Interval Arithmetic

Interval arithmetic provides guaranteed bounds on computations. Instead of a single value, you track an interval $[a, b]$ that is guaranteed to contain the true value.

The Interval Type

use numra::Interval;

// A value known to lie between 2.0 and 3.0
let x = Interval::<f64>::new(2.0, 3.0);

// An exact value
let exact = Interval::point(5.0);

// Create from center and half-width
let measured = Interval::from_center(10.0, 0.1);  // [9.9, 10.1]

Basic Properties

let x = Interval::<f64>::new(2.0, 5.0);

println!("Width:  {}", x.width());    // 3.0
println!("Center: {}", x.center());   // 3.5
println!("Contains 3.0: {}", x.contains(3.0));  // true
println!("Contains 6.0: {}", x.contains(6.0));  // false

Arithmetic

Interval arithmetic computes the tightest interval containing all possible results:

let a = Interval::<f64>::new(1.0, 2.0);
let b = Interval::<f64>::new(3.0, 4.0);

// [1,2] + [3,4] = [4, 6]
let sum = a.add(&b);

// [1,2] - [3,4] = [1-4, 2-3] = [-3, -1]
let diff = a.sub(&b);

// Multiplication considers all endpoint combinations
let c = Interval::new(-1.0, 2.0);
let d = Interval::new(1.0, 3.0);
// Products: -1*1=-1, -1*3=-3, 2*1=2, 2*3=6 → [-3, 6]
let prod = c.mul(&d);

// Scaling
let scaled = a.scale(3.0);   // [3, 6]
let neg = a.scale(-2.0);     // [-4, -2]  (bounds swap!)

Set Operations

let a = Interval::<f64>::new(1.0, 4.0);
let b = Interval::<f64>::new(3.0, 6.0);

// Union: [1, 6]
let u = a.union(&b);

// Intersection: [3, 4]
let i = a.intersection(&b);  // Some([3, 4])

// Disjoint intervals
let c = Interval::new(5.0, 6.0);
let none = a.intersection(&c);  // None

Use Cases

Application	How intervals help
Validated numerics	Prove a solution exists within bounds
Root bracketing	Guarantee an interval contains a zero
Range analysis	Find guaranteed min/max of a function
Error bounds	Bound the effect of measurement uncertainty
Robust control	Ensure stability for all parameter values in range

Interval vs Uncertain

Feature	Interval	Uncertain
Represents	Hard bounds $[a, b]$	Mean + variance
Guarantee	True value is inside	Statistical confidence
Operations	Always widen (conservative)	Approximate (linearized)
Best for	Worst-case analysis	Typical-case analysis

Use Interval when you need guaranteed bounds (safety-critical, verification).

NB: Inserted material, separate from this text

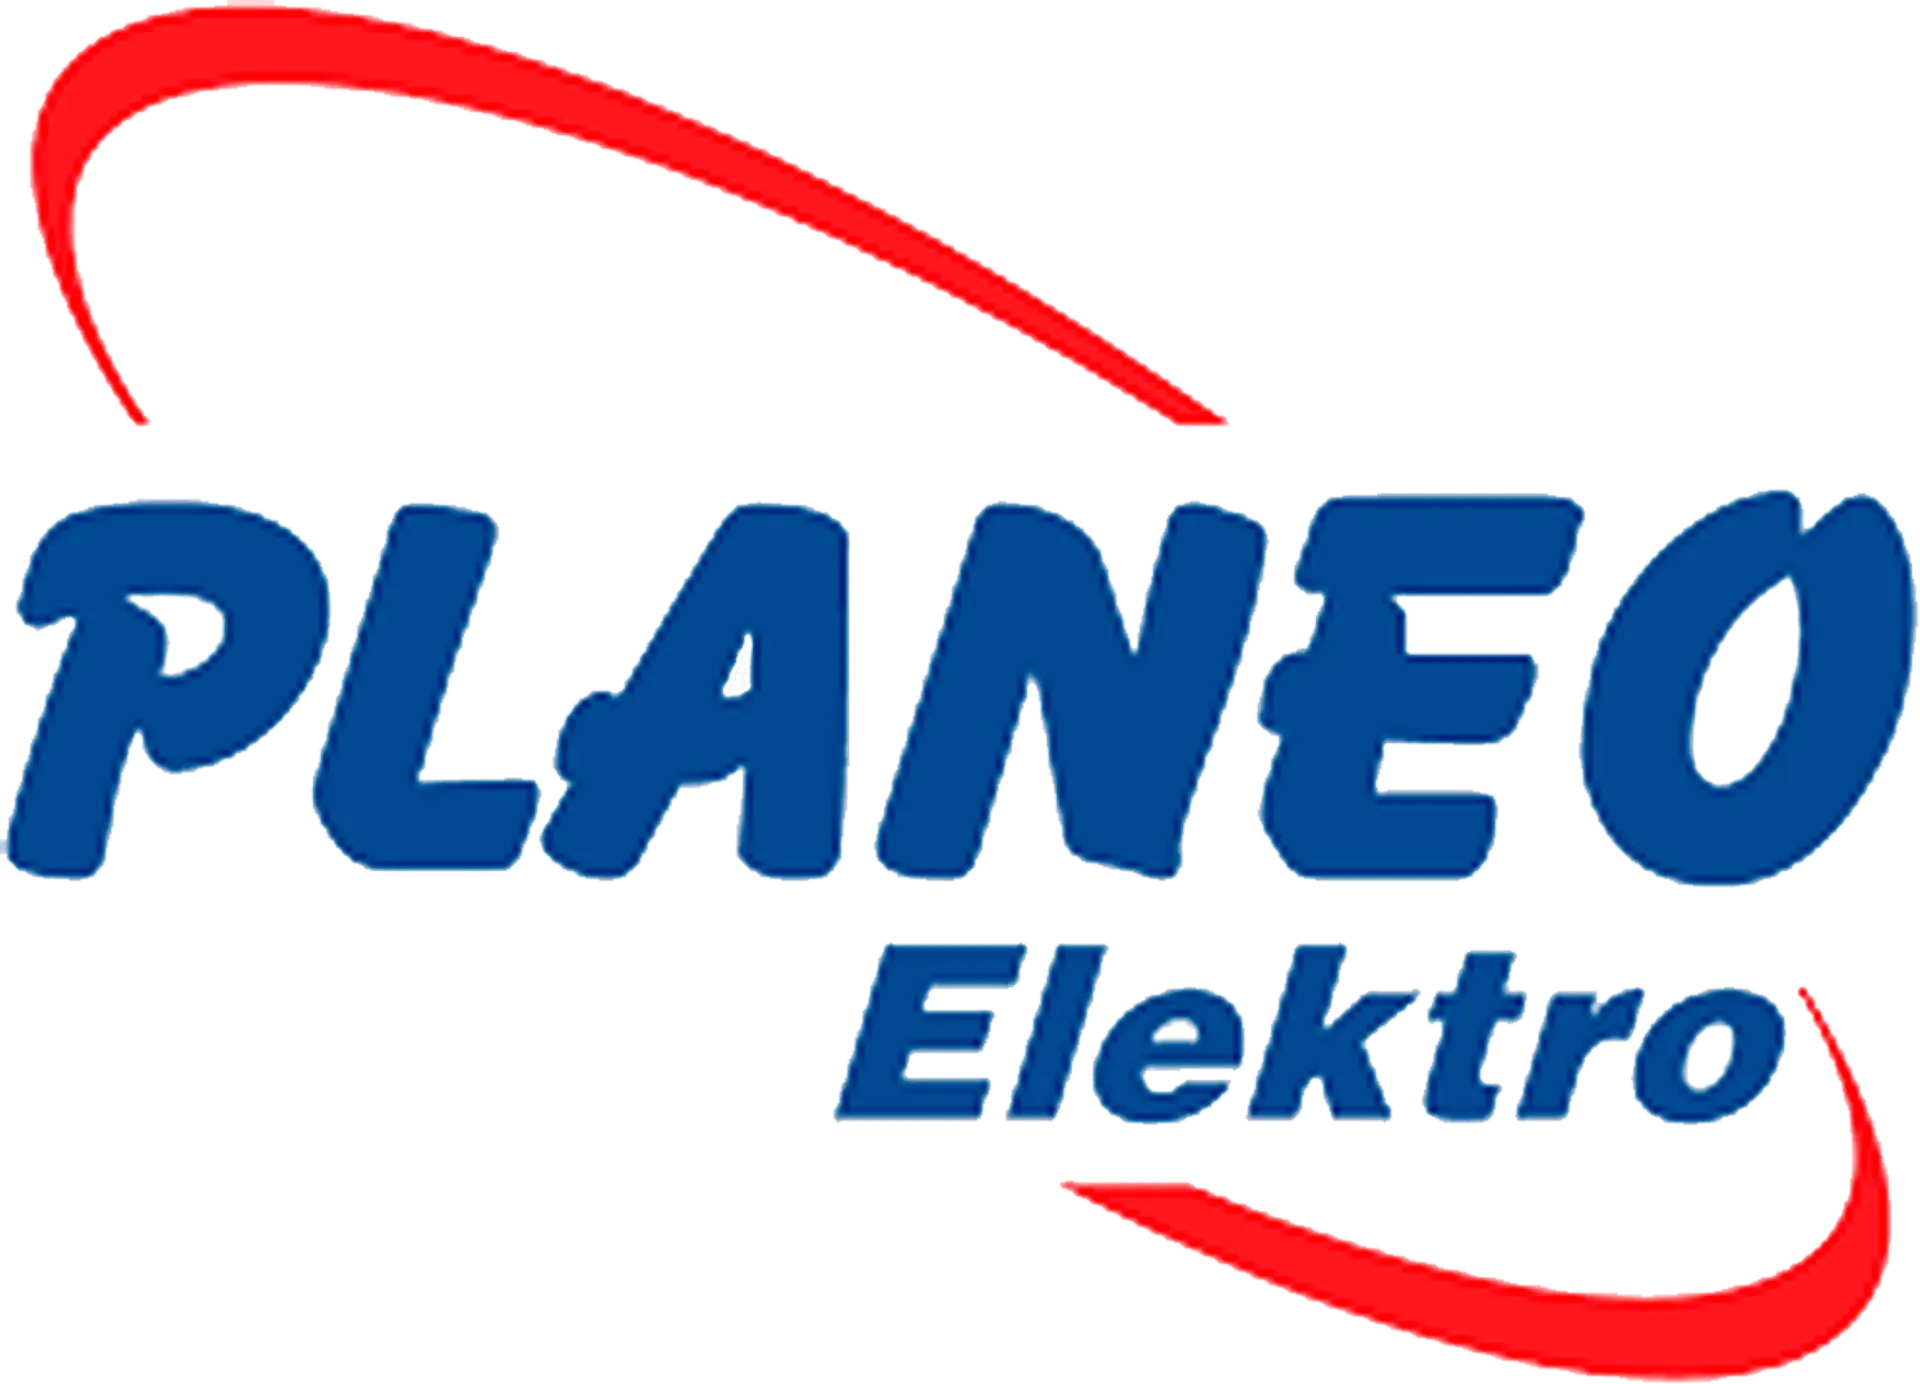 PLANEO ELEKTRO logo
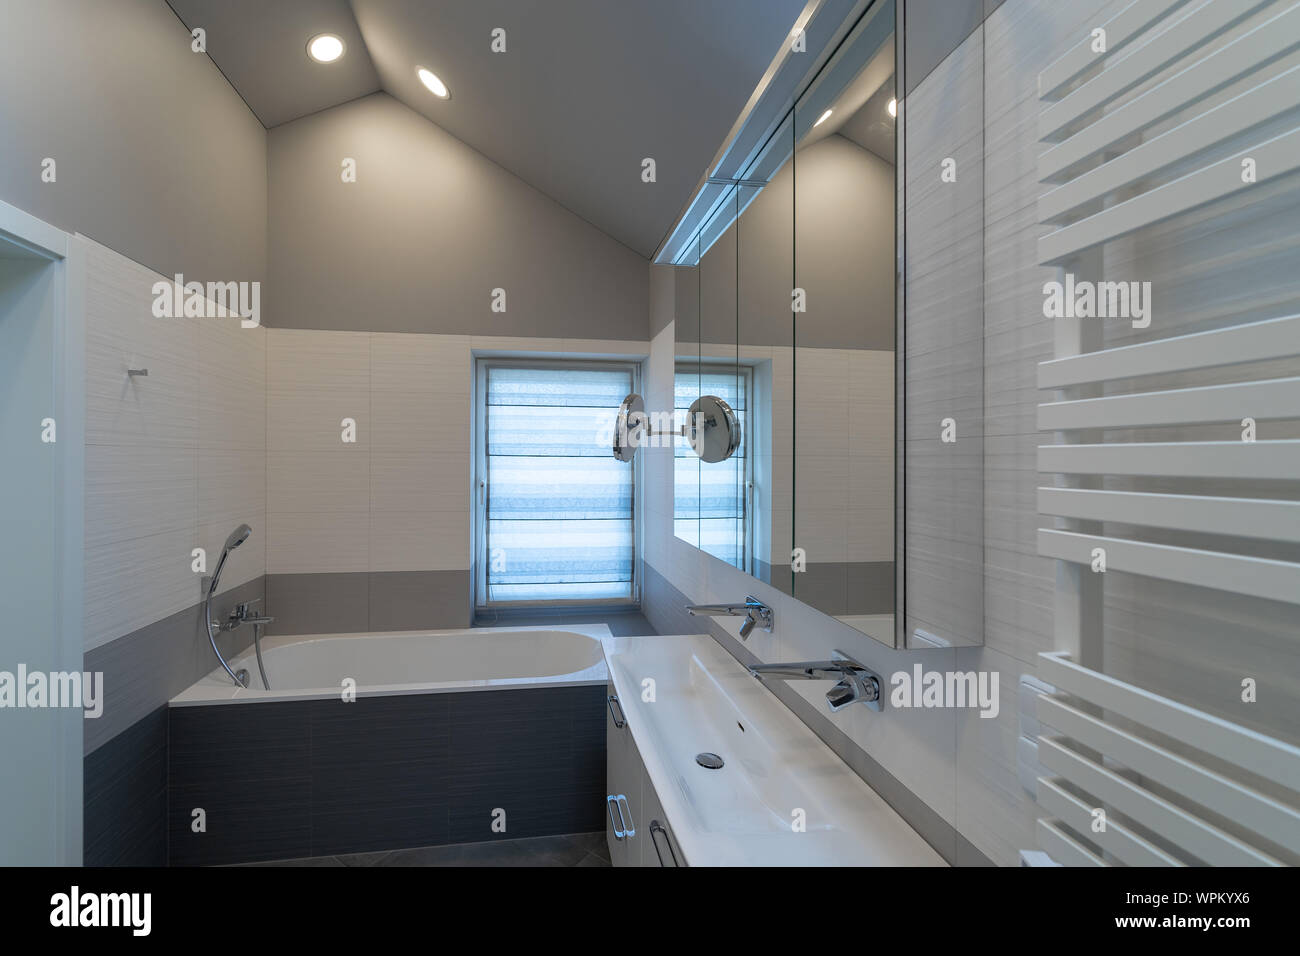 Das Innere eines modernen Bad mit Fenster in ein eigenes Haus. Badewanne, Schränke mit Spiegel und Waschbecken mit zwei Hähne Stockfoto

Use Uncertain when you want statistical uncertainty quantification.

Limitations

Interval arithmetic suffers from the dependency problem: repeated use of the same variable in an expression is treated as independent, leading to over-estimation. For example:

$$x - x = [a, b] - [a, b] = [a - b, b - a] \neq [0, 0]$$

The true result is always 0, but interval arithmetic returns a wider interval. This over-conservatism grows with the number of operations, which is why interval methods are best for short computation chains.